Leserpost

Leuchtende Augen beim Vorstand

„Weihnachtliche Geschenketipps …“, Fundraiser-Magazin 6/2011

Danke für die Weihnachtsgeschenketipps aus Ihrer Redaktion. Ich habe sowohl ein Geschenk-Abo als auch (wie empfohlen) für unseren Vorstand das Buch „Fundraising -Grundlagen“ auf den Gaben-Schreib-Tisch gelegt. Und tatsächlich: Es gab leuchtende Augen als Dank!

Annuschka Blier , Colditz

Live dabei

„Weltgrößtes Blindenzeichen …“, Fundraiser-Magazin 6/2011, Seite 28

Ich habe mich sehr gefreut, in der letzten Ausgabe des Fundraiser-Magazins einen ausführlichen Artikel über die Aktion „blindenzeichen.at“ zu lesen. Denn ich war selber an diesem Tag in Wien unterwegs und habe live miterlebt, wie das riesige Plakat mit dem größten Blindenzeichen der Welt am Stephansdom angebracht wurde. Jetzt weiß ich endlich auch, was hinter der Aktion steckte.

Silke Hagedorn, München

Das Lehrerhasserbuch für NGOs

„Loipfingers letzter Kreuzzug“, Fundraiser-Magazin 6/2011, Seite 68

Danke für die kritische Rezension des Buches „Die Spendenmafia“. Ich frage mich allerdings, muss man einem solchen „Werk“ in einem Fachmagazin – noch dazu im Fundraiser – eine Plattform bieten?! Diese Polemik erinnert mich an das „Lehrerhasserbuch“, in dem eine frustrierte Mutter mit dem gesamten Bildungssystem abrechnet, auf der Basis weniger ihr bekannter Pädagogen. Schwarze Schafe gibt es zweifellos hier wie dort. Trotzdem finde ich, darf man nicht einen ganzen Berufszweig anfeinden, noch dazu einen, der ohne viel uneigennütziges und ehrenamtliches Engagement gar nicht existieren würde.

Kornelius Frey, Bonn


Ich gebe zu, dass das Buch spannend zu lesen ist. Doch wenn man, wie ich, Kenntnisse der Fundraising-Branche besitzt, sucht man nach Lösungen. Diese sieht Loipfinger in der staatlichen Kontrolle. Hier sage ich: Nein! Wir alle müssen für mehr Transparenz sorgen, und diese auch konsequent einfordern. Nur dann lässt sich der Missbrauch, den einige Organisationen leider betreiben, eindämmen.

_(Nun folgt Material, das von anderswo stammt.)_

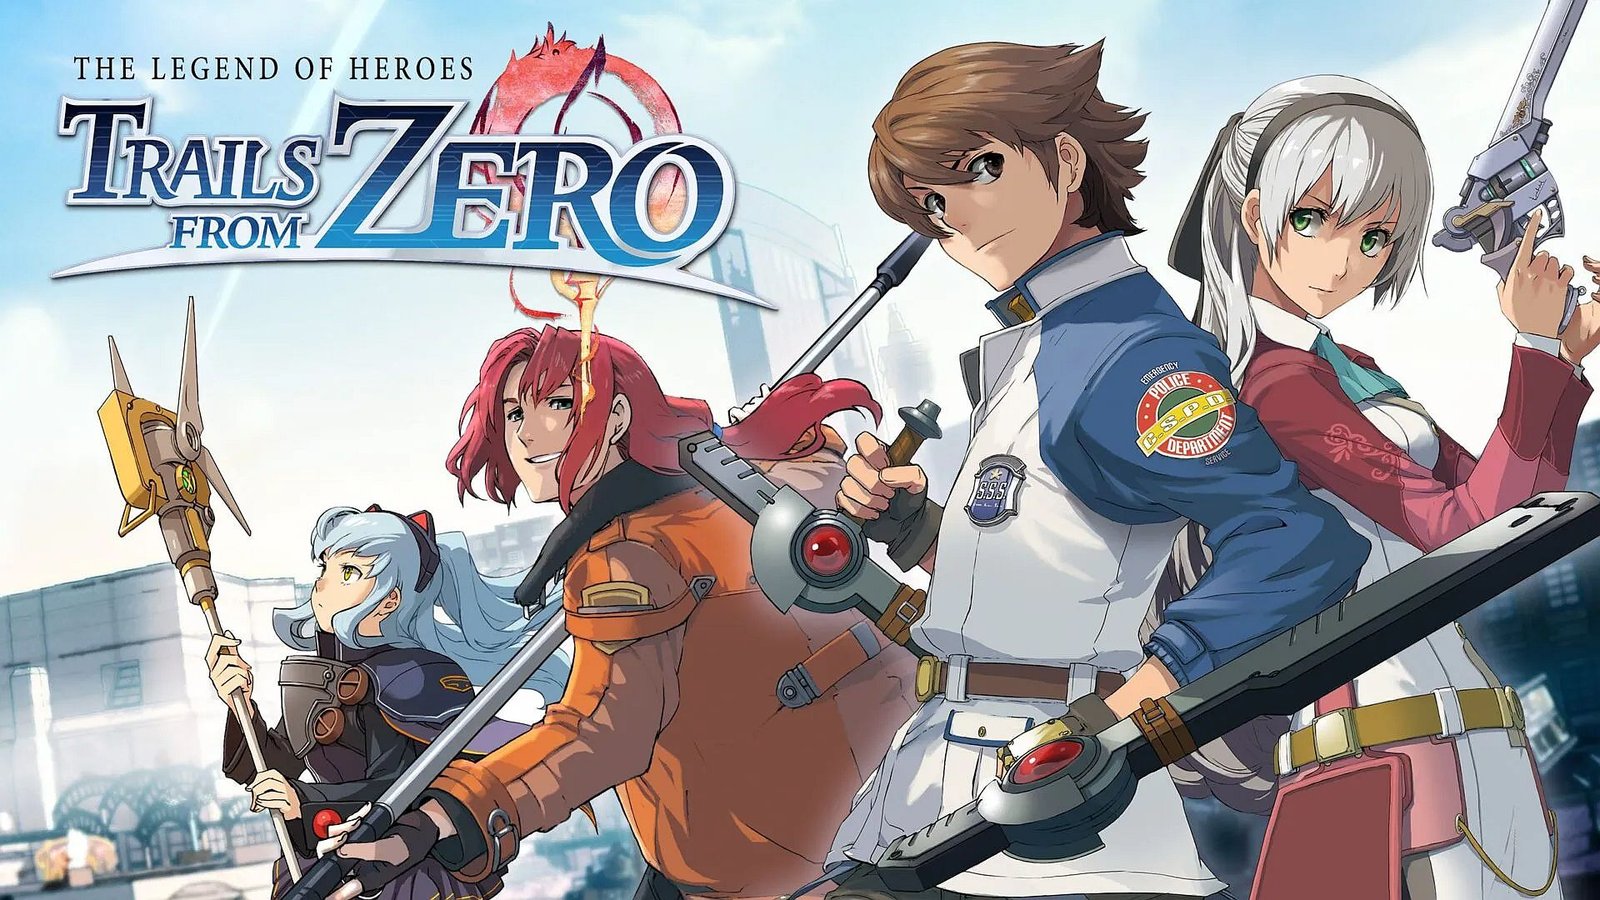 لعبة The Legend of Heroes: Trails from Zero متوفرة حاليًا بنسختها الغربية

Sigrun Schärer-Dux, Weimar


Unzählige Unterstellungen, schlecht bewiesene angebliche Fakten und ein Vokabular, dass in die Bild-Zeitung passt oder zu RTL und SAT1. „Schmutzige Geschäfte mit unserem Mitleid“. Solche Titel zielen doch nur auf eins ab: die blanke Verkaufe. Echter Verbraucherschutz und seriöser Journalismus hat so was nicht nötig! Die Glaubwürdigkeit dieses Buches ist für mich genauso „zweifelhaft“ wie die kritisierten „Hilfsorganisationen, die Profit abzweigen“. Profit zweigen hier in allererster Linie der Verlag und der Autor ab.